You can also select data from pandas dataframes without knowing the location of that data within the pandas dataframe, using specific labels such as a column name.
Location-based Indexing
After working with indexing for Python lists and numpy arrays, you are familiar with location-based indexing. You already know that Python location-based indexing begins with [0], and you have learned how to use location-based indexing to query data within Python lists or numpy arrays.
You can use location-based indexing to query pandas dataframes using the attribute .iloc and providing the row and column selection as ranges (i.e. start and stop locations along the rows and columns).
Just like with numpy arrays, the range provided is inclusive of the first value, but not the second value.
This means that you need to use the range [0:1] to select the first index, so your selection begins at [0] but does not include [1] (the second index).
For example, you can select the first row and the first column of a pandas dataframes providing the range [0:1] for the row selection and then providing the range [0:1] for the column selection.
dataframe.iloc[0:1, 0:1]
Label-based Indexing
Pandas dataframes can also be queried using label-based indexing.

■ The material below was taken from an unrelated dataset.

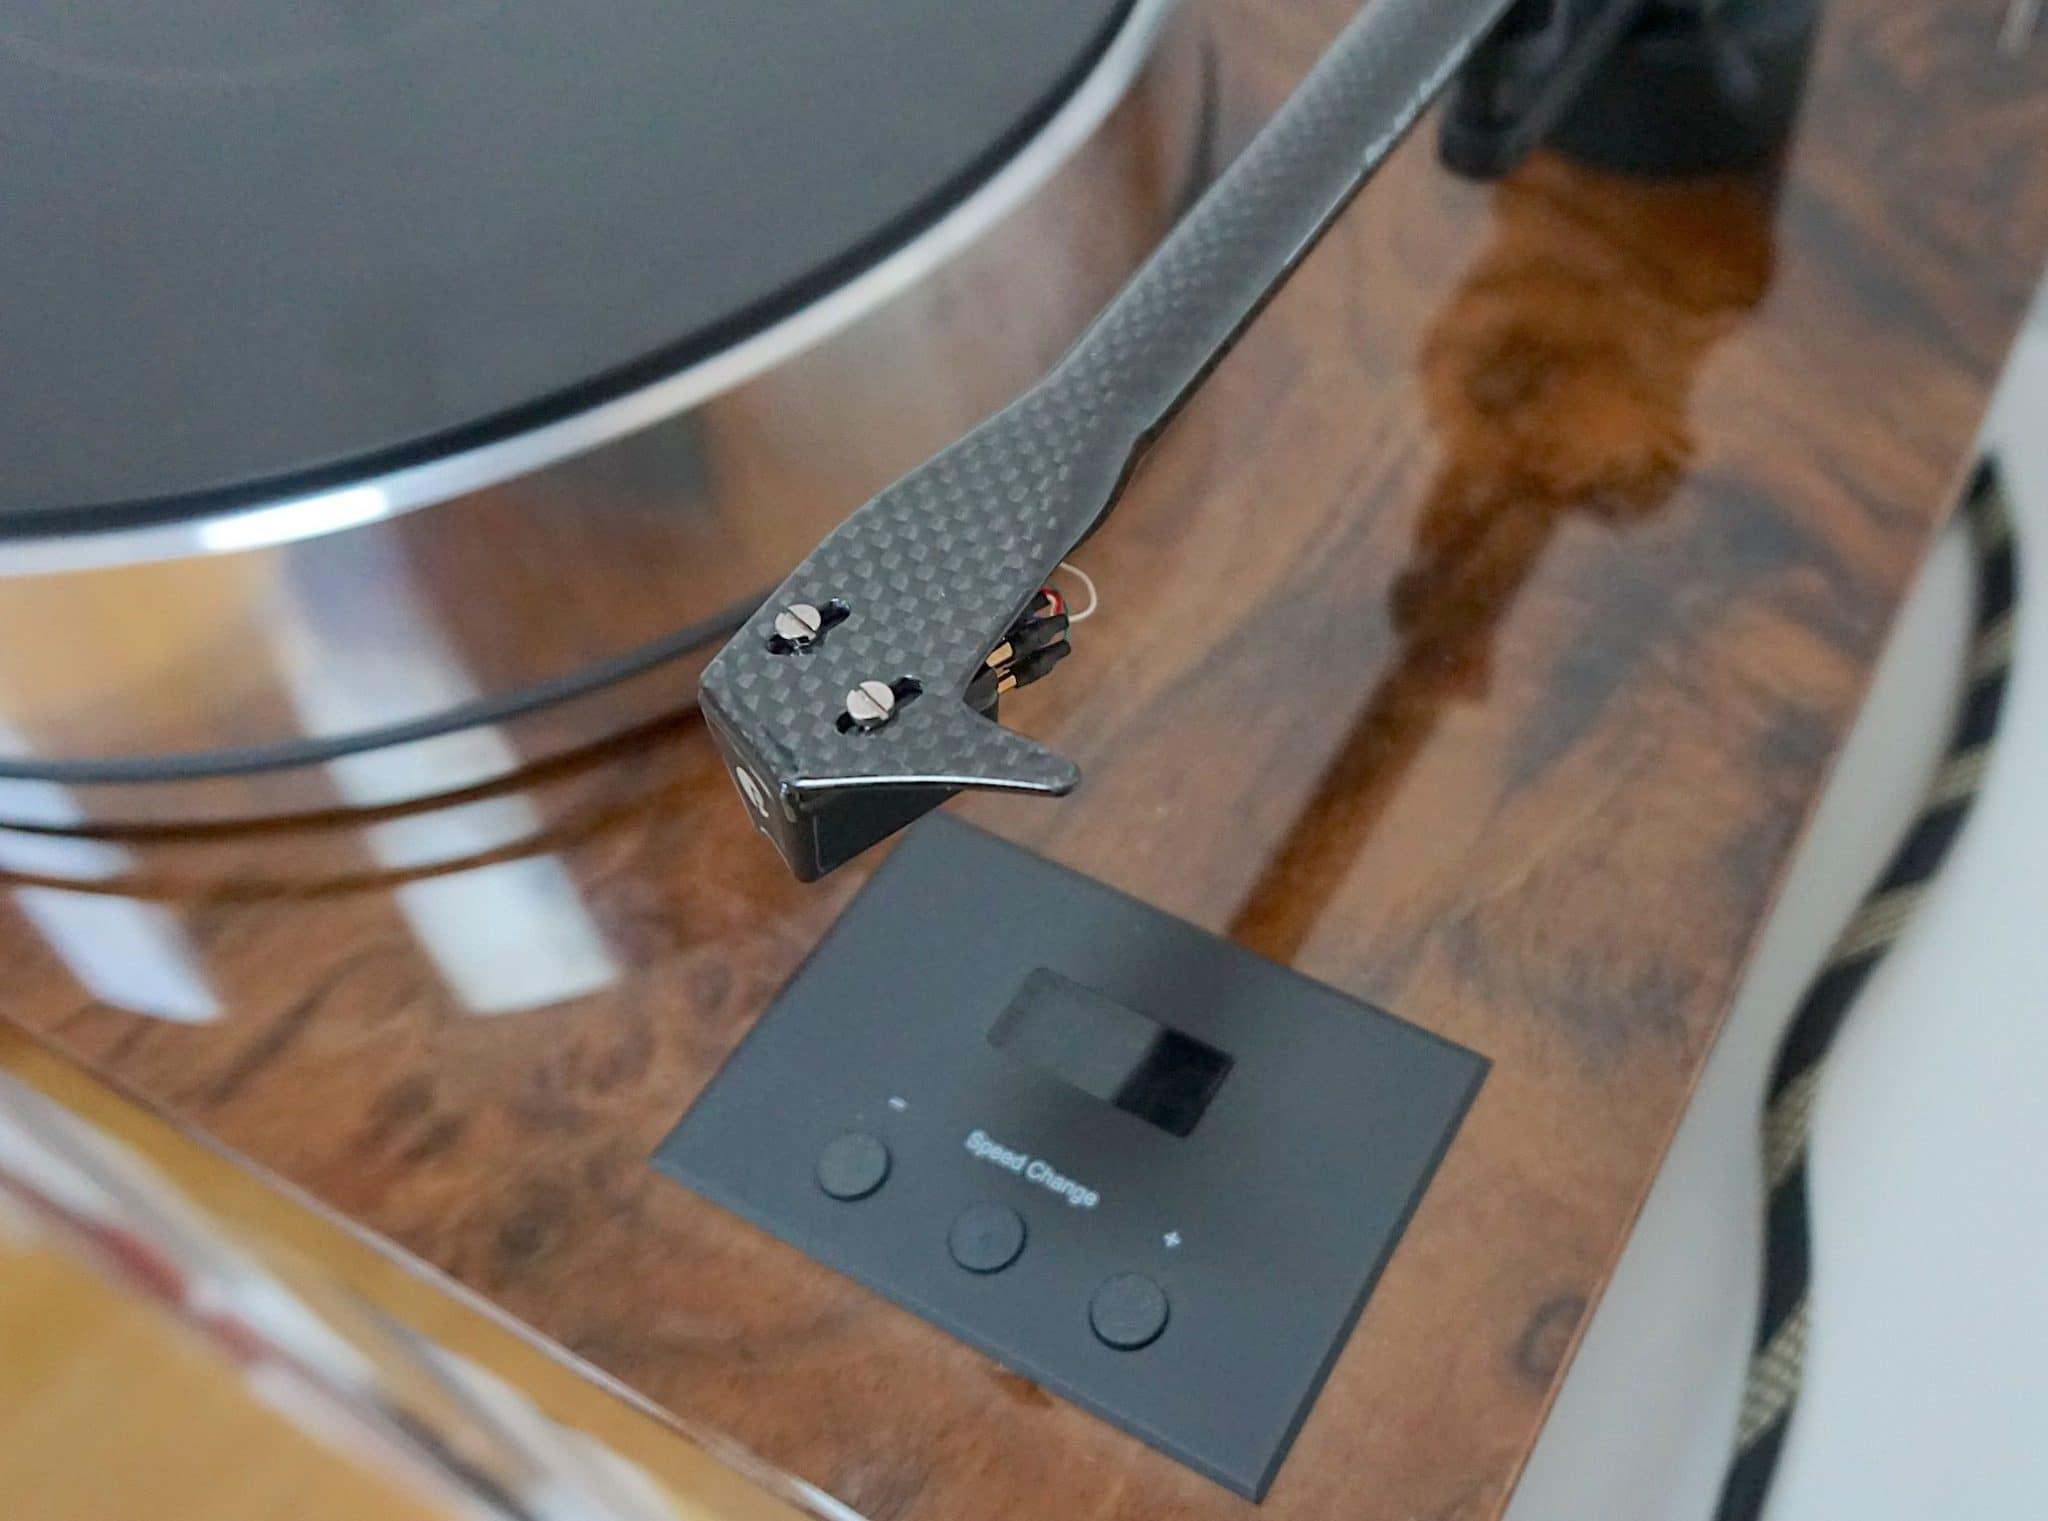 Xtension 10 Turntable From Pro-Ject

This feature of pandas dataframes is very useful because you can create an index for pandas dataframes using a specific column (i.e. label) that you want to use for organizing and querying your data.
For example, you can create an index from a specific column of values, and then use the attribute .loc to select data from the pandas dataframes using a value that is found in that index.

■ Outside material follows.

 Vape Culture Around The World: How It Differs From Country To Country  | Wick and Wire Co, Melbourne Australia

dataframe.set_index(“column”)
dataframe.loc[[value]]
Filtering Data Values
In addition to using indexing, you can also select or filter data from pandas dataframes by querying for values that met a certain criteria.
For example, you can select data in a pandas dataframe based on specific values within a column using:
dataframe[
dataframe[“column”]
== value]
This will return all rows containing that value within the specified column.
On this page, you will review how indexing works for pandas dataframes and you will learn how to select data from pandas dataframes using both indexing and filtering of data values.
Import Python Packages and Get Data
Begin by importing the necessary Python packages and then downloading and importing data into pandas dataframes.
You can use the earthpy package to download the data files, os to set the working directory, and pandas to import data files into pandas dataframes.
# Import necessary packages
import os
import pandas as pd
import earthpy as et
# URL for .csv with avg monthly precip data
avg_monthly_precip
_url = “
https://ndownloader.figshare.com/files/12710618
“
# Download file
et.data.get_data(url=avg_monthly_precip_url)
Downloading from
https://ndownloader.figshare.com/files/12710618
‘/root/earth-analytics/data/earthpy-downloads/avg-precip-months-seasons.csv’
# Set working directory to earth-analytics
os.chdir(os.path.join(et.io.HOME, “earth-analytics”))
# Import data from .csv file
fname = os.path.join(“data”, “earthpy-downloads”,
“avg-precip-months-seasons.csv”)
avg_monthly_precip = pd.read_csv(fname)
avg_monthly_precip
Select Data Using Location Index (.iloc)
You can use .iloc to select individual rows and columns or a series of rows and columns by providing the range (i.e. start and stop locations along the rows and columns) that you want to select.
# Select first row and first column
avg_monthly_precip.iloc[0:1, 0:1]
# Select first two rows and first column
avg_monthly_precip.iloc[0:2, 0:1]
# Select first row and first two columns
avg_monthly_precip.iloc[0:1, 0:2]
# Select first row with all columns
avg_monthly_precip.iloc[0:1, :]
# Select first column with all rows
avg_monthly_precip.iloc[:, 0:1]
Select Data Using Label Index (.loc)
In addition to selecting data based on location, you can also select data based on labels.
To do this, you first create a new index using a column of values that you want to use for organizing and querying your data.
For example, you can create an index from a specific column of values using:
dataframe.set_index(“column”)
# Create new dataframe with `months` as index
avg_monthly_precip_index
= avg_monthly_precip.set_index(“months”)
avg_monthly_precip_index
Test that months no longer functions as a column by attempting to select that column name:
avg_monthly_precip_index[[“months”]]
The following error is returned:
KeyError: “None of [Index([‘months’], dtype=’object’)] are in the [columns]”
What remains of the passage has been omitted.